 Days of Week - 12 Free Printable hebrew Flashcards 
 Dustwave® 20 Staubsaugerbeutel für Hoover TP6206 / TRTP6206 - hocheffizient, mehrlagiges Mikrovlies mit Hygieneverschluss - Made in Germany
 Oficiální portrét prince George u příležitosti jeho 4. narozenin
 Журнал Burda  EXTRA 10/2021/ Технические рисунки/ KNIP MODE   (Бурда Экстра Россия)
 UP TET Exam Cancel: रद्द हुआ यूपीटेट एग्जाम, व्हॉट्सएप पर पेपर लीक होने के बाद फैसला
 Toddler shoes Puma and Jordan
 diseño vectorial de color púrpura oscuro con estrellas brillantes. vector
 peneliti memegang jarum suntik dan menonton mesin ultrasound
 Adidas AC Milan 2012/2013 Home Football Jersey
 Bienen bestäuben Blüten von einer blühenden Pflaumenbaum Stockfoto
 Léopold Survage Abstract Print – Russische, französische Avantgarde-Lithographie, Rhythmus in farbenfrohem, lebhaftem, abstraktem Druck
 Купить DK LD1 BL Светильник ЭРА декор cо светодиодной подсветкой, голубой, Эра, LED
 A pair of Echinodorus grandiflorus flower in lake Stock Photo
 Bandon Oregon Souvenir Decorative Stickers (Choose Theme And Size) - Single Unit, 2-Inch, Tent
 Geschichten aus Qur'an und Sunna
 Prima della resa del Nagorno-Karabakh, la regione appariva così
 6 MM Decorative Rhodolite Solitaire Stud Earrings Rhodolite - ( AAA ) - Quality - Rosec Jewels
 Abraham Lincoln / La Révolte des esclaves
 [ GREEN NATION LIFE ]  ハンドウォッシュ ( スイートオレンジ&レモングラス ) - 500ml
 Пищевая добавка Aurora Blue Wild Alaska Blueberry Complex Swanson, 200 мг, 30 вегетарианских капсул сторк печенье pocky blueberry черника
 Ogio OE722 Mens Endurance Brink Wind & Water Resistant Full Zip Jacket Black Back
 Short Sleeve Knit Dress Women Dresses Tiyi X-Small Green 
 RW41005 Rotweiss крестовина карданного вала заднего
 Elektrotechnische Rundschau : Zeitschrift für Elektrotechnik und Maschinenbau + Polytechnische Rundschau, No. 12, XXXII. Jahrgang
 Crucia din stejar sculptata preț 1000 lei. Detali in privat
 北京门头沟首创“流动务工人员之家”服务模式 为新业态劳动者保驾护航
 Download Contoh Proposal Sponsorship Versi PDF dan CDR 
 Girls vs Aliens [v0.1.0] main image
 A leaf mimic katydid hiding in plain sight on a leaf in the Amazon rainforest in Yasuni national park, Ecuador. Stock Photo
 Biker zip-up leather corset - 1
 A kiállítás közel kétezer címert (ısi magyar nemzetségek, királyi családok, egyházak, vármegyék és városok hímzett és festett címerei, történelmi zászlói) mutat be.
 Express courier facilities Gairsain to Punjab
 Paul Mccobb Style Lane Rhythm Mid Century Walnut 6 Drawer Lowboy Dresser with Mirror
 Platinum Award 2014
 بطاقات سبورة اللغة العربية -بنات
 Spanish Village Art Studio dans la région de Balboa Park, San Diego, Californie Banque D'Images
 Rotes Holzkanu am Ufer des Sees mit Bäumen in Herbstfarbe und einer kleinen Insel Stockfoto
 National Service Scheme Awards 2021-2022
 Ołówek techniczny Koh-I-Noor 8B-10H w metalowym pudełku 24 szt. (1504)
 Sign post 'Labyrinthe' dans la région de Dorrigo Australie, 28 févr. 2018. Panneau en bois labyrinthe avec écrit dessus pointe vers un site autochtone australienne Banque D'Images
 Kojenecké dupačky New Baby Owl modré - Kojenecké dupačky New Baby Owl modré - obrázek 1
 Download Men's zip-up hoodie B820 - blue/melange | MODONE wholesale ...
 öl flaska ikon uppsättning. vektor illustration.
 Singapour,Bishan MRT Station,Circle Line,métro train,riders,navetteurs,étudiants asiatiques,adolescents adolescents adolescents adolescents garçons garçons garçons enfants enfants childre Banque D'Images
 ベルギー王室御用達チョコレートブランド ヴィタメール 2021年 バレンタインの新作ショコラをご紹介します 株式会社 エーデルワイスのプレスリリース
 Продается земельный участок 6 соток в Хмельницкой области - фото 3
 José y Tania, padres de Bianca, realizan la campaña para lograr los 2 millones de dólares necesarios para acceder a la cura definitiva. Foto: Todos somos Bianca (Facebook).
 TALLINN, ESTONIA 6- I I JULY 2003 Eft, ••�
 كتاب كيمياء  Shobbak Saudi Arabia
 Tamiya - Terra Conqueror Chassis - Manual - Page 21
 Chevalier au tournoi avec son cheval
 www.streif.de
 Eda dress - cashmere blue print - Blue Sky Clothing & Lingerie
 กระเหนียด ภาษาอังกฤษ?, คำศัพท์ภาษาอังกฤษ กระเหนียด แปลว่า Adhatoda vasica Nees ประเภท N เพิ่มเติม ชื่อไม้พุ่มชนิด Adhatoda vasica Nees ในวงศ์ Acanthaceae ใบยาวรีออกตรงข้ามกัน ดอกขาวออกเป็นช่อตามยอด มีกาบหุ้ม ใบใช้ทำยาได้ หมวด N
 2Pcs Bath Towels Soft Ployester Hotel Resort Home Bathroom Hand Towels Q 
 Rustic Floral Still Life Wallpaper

==*==

- **Your objective**
Would you please copy exactly the part of the entries above that begins at the line containing "Download Men's zip-up" and ends at the line containing "Eda dress - cashmere", both lines included?

- **Exercise solution**
 Download Men's zip-up hoodie B820 - blue/melange | MODONE wholesale ...
 öl flaska ikon uppsättning. vektor illustration.
 Singapour,Bishan MRT Station,Circle Line,métro train,riders,navetteurs,étudiants asiatiques,adolescents adolescents adolescents adolescents garçons garçons garçons enfants enfants childre Banque D'Images
 ベルギー王室御用達チョコレートブランド ヴィタメール 2021年 バレンタインの新作ショコラをご紹介します 株式会社 エーデルワイスのプレスリリース
 Продается земельный участок 6 соток в Хмельницкой области - фото 3
 José y Tania, padres de Bianca, realizan la campaña para lograr los 2 millones de dólares necesarios para acceder a la cura definitiva. Foto: Todos somos Bianca (Facebook).
 TALLINN, ESTONIA 6- I I JULY 2003 Eft, ••�
 كتاب كيمياء  Shobbak Saudi Arabia
 Tamiya - Terra Conqueror Chassis - Manual - Page 21
 Chevalier au tournoi avec son cheval
 www.streif.de
 Eda dress - cashmere blue print - Blue Sky Clothing & Lingerie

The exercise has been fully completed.